The National Action Plan on Elimination of the Worst Forms of Child Labour in Uganda 2012/13 to 2016/17, defines a child as a person below the age of 18.

The report, published by Uganda’s Ministry of Gender, Labour and Social Development in May 2012, defines child labour as “work that is mentally, physically, socially and/or morally dangerous and harmful to children; work that interferes with children’s school attendance; hazardous work which by the nature or circumstances under which it is performed jeopardises the health, safety and morals of children.”

Just over half – about 1.4 million – of Uganda’s child labourers toil away in hazardous jobs that include stone quarrying, brick-making and laying, sand and clay mining, charcoal burning, fishing, car washing and hunting.

Many others work in hotels and bars, where they often end up being beaten or sexually abused, said social worker Barbra Ongodia from local NGO Kids in Need (KIN). Some also work as house servants and in the construction and commercial agriculture industries.

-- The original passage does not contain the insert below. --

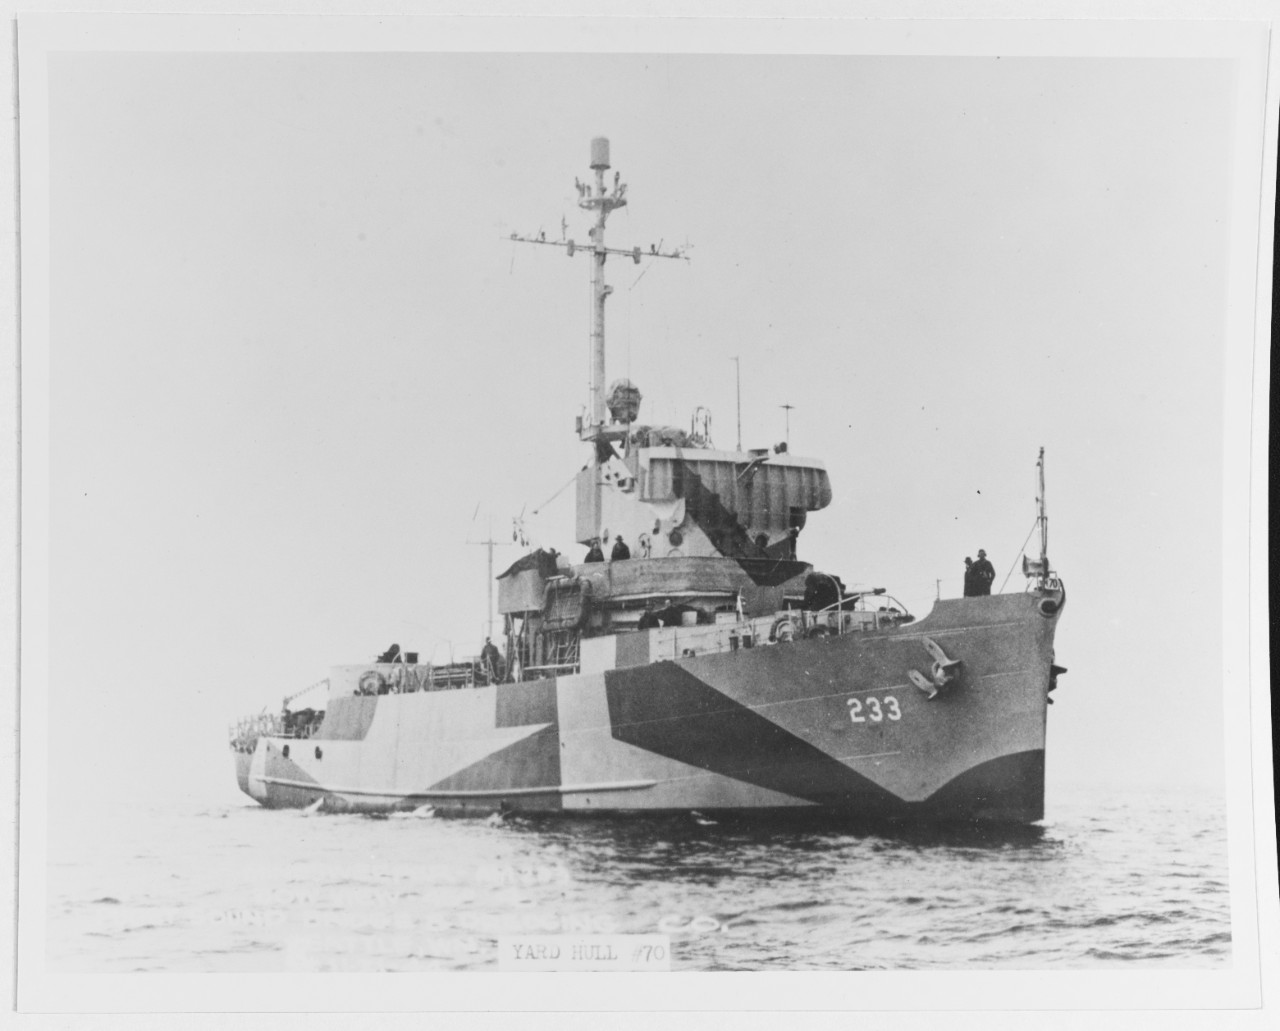 USS FACILITY (AM-233)

Ongodia told IPS that there could actually be over 10 million child labourers in Uganda, a country with 34.5 million people. According to Ongodia, many of the child labourers come to Kampala from northern Uganda and work in the capital, after experiencing years of trauma from the war against the Lord’s Resistance Army (LRA).

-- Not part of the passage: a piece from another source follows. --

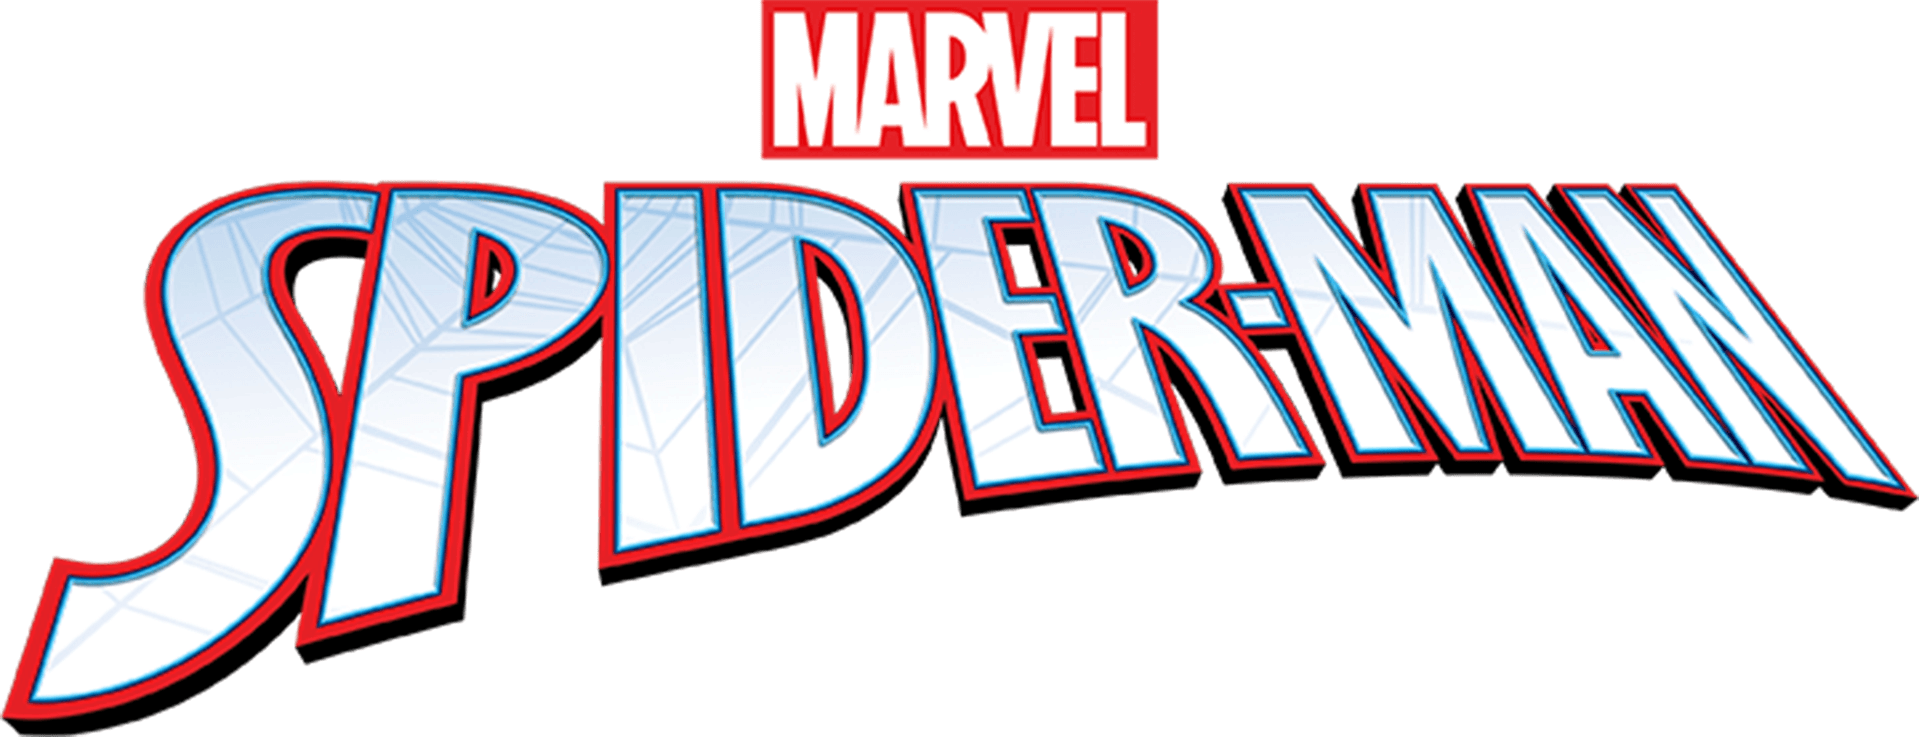 Marvel's Spider-Man logo

The LRA fought in the north and northeastern parts of Uganda for 23 years, until they were kicked out of the country in 2006. The war, which forced close to two million people into camps for internally displaced persons for decades, was the most brutal that Uganda has faced since independence from Britain in 1962. It was also characterised by its use of child soldiers and brutality.

The rebel group is currently operating in the Democratic Republic of Congo, the Central African Republic and western South Sudan.

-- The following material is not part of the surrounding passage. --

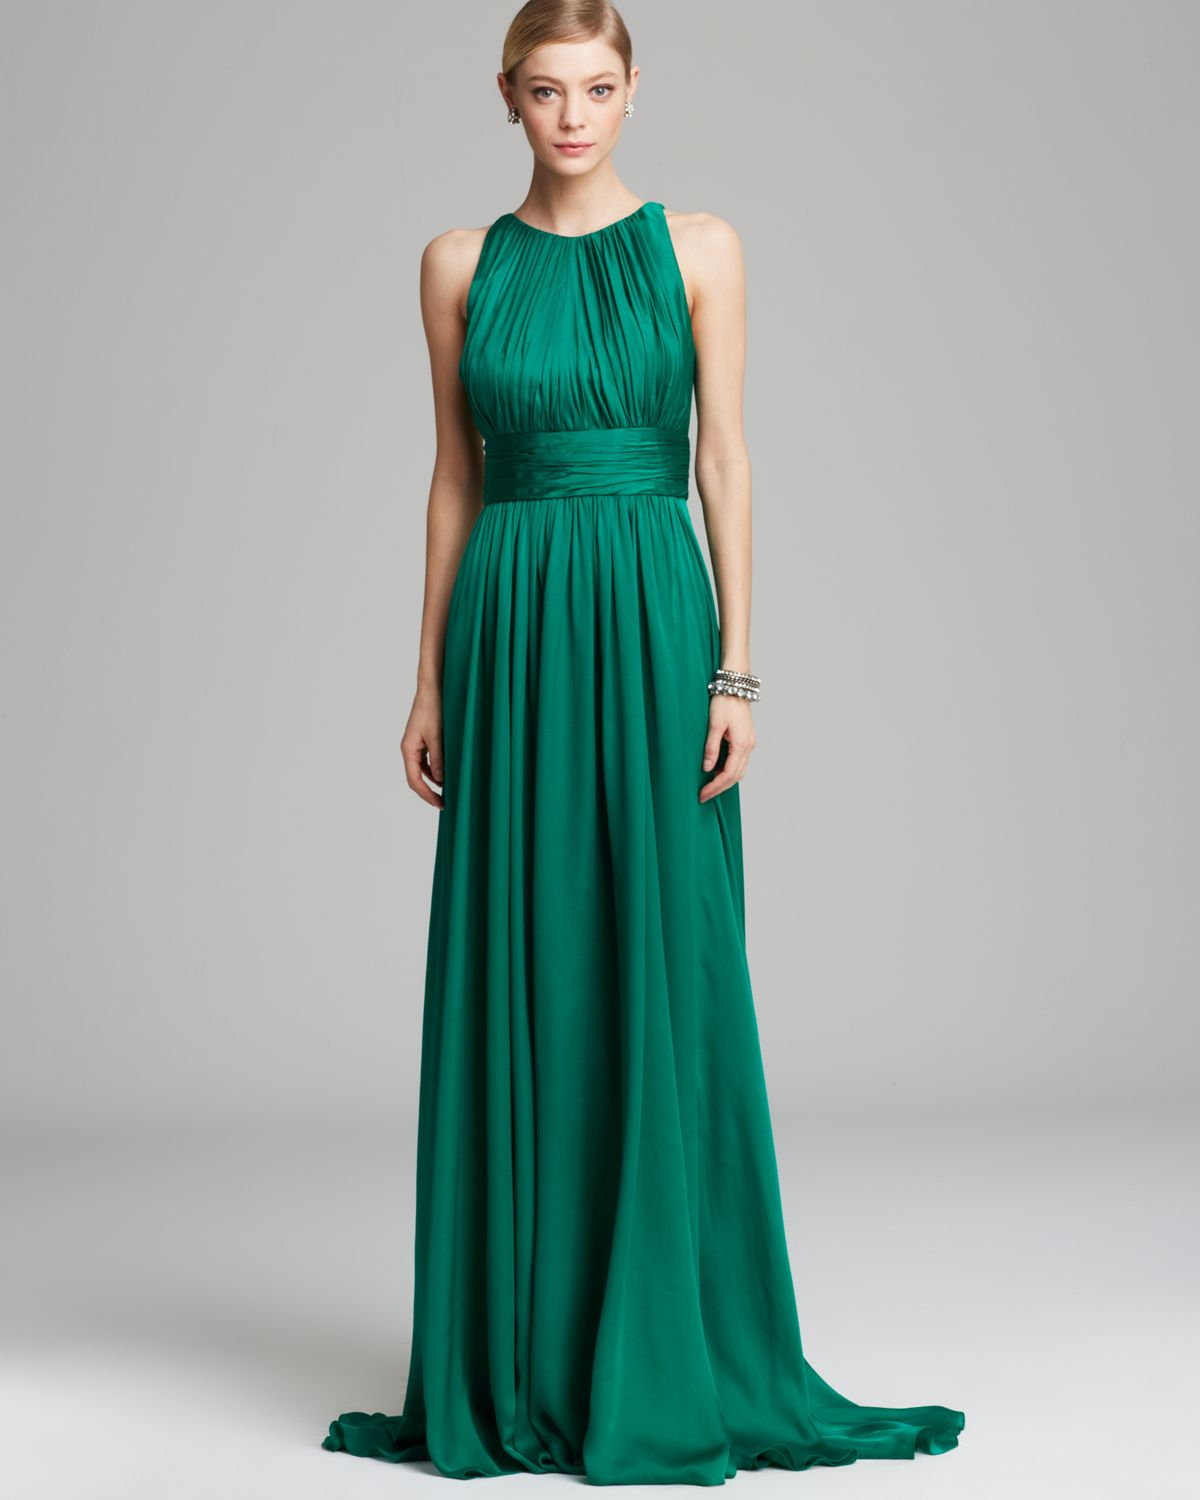 Lyst - Badgley Mischka Gown - Sleeveless Draped Satin in Green1200 x 1500

According to UNHS statistics, western Uganda has the highest number of cases of children working, followed by the eastern and central regions, then the north.

The increasing prevalence of child labour is attributed to several factors, including high levels of poverty, the burden of HIV/AIDS, education costs, food insecurity and the soaring number of orphans under 18.

Ongodia said that child labour threatened all Ugandans. “The skills of the country are being undermined because these children are not learning, they are just becoming vagabonds,” she said.

Hamidu Kizito is a local journalist who has, for a decade, followed the “Stop Child Labour” campaign in Uganda by the Dutch development organisation Hivos. He told IPS that there is a “cultural trait” attached to children working.

“I remember … when we were growing up, we used to work, but we were not overworked,” he said.

“But over time there were families where children were overworked at the expense of their education and health … The struggle is how do we change the perception so everybody knows that this is not right,” he said.

Raya was eventually taken off the streets with the assistance of a KIN Child Labour Free Zone-committee, which consists of ordinary members of the community who help the NGO identify working children. KIN has found some children who have been working for up to five years, Ongodia said.

KIN works with the families of child labourers and parents are taught business skills. They can also borrow money from village savings and loan associations (VSLAs).

Today, Raya’s mother weaves baskets that she sells by the roadside, netting her about 300,000 Ugandan shillings (116 dollars) a month.

Despite being robbed of her education for two years, Raya does not blame her family for forcing her to work on the streets.

“I wasn’t mad at them because they had a lot of problems and they had to feed the whole family,” she said.

Raya has just completed her latest round of examinations. She enjoys Maths and English, and hopes to become an accountant.

Her best friend is Monica*, a 16-year-old former street food vendor, who was also helped by KIN. After Monica was taken off the streets, her mother joined a VSLA. Now, the schoolgirls spend all their lunchtimes together.

“Some children take it for granted to be in school, but they think others are like them. Some children are not in school but they would like to be,” Raya said.

“School is the best because you come to school to get skills on how to make money in future. I’m very happy.”

*Surname withheld to protect identity of minors.